Jasmine shrugged. "I don't expect lemons to taste any different, so I'm not disappointed or displeased." A second later, upon mentally playing this remark back, she flinched, giving Kathleen unsubtle satisfaction. It was not the tartness of the lemon but the realization that this reply owed more than a little to Dylan's philosophical ambivalence, which she must have absorbed through osmosis over the dozen meals Dylan had consumed in her parents' home in the last few weeks. It wasn't that she necessarily disliked Dylan, but found his philosophizing stale, especially when it came coupled with a continuing interest in UFOs, a subject that would do them no good. Since their supposed "abduction", they'd been left alone in strict defiance of what Dr. Diamond had told them. Jasmine saw no reason to provoke more attention. Dr. Diamond was wrong, as far as Jasmine was concerned. Weeks went by and Jasmine was unmolested by anything stranger than her father's casserole recipes. She let all this fade from her mind as, it seemed, did Dylan and her sister.

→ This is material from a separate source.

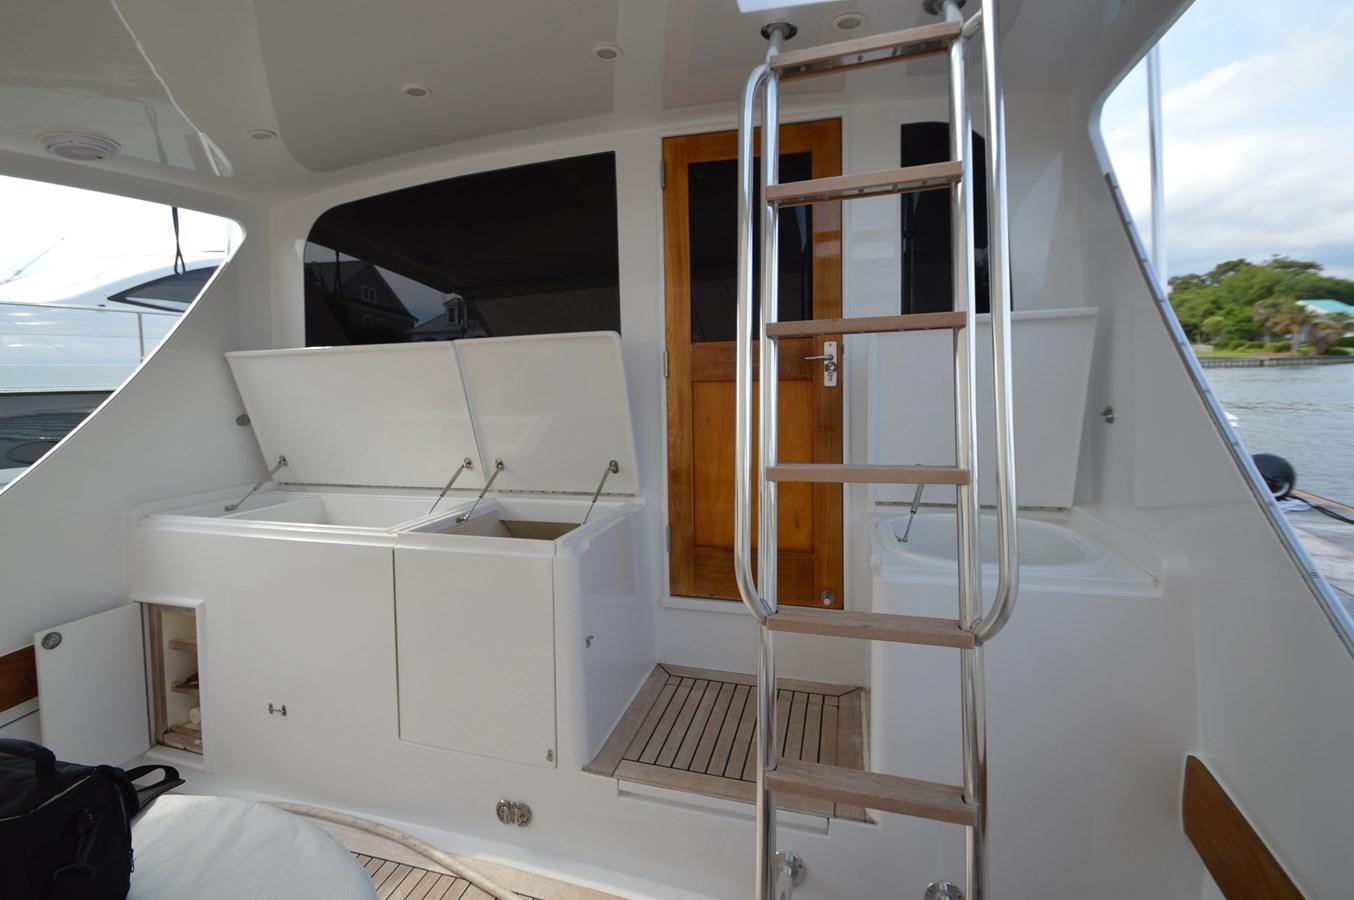 Cockpit - 58 BUDDY DAVIS For Sale

Finally, she saw their dates walking up the street before stopping for a cigarette outside. It was a disgusting habit as far as she was concerned, more so for the fact that it evidently ranked higher to them than punctuality or, given their untenable proximity, paying attention to Kathleen and her. Jasmine wasn't sure why Kathleen was so enamored with her dreadlocked lover Sid. Yes, he has nice eyes and plainly either worked out fairly obsessively or simply was blessed by the gods with washboard abs, but his personality seemed to match his hairstyle: a wet mop. But, incontestably, Kathleen saw something in him beyond his body to have been mooning over him since their initial meeting. Jasmine did not, as she had come to feel she couldn't trust people who wore all their "weird" on the outside as it left so little within to discover. Dylan, for example, had some inner facets worth scrutiny. Under a veneer of underachievement was a font of a mild intellect that almost, but not quite, made him worthy enough in Jasmine's eyes not to flinch when her sister touched his knee under the dinner table. By definition, there almost had to be more to Dylan than first impressions would suggest. It would be hard for there to be less.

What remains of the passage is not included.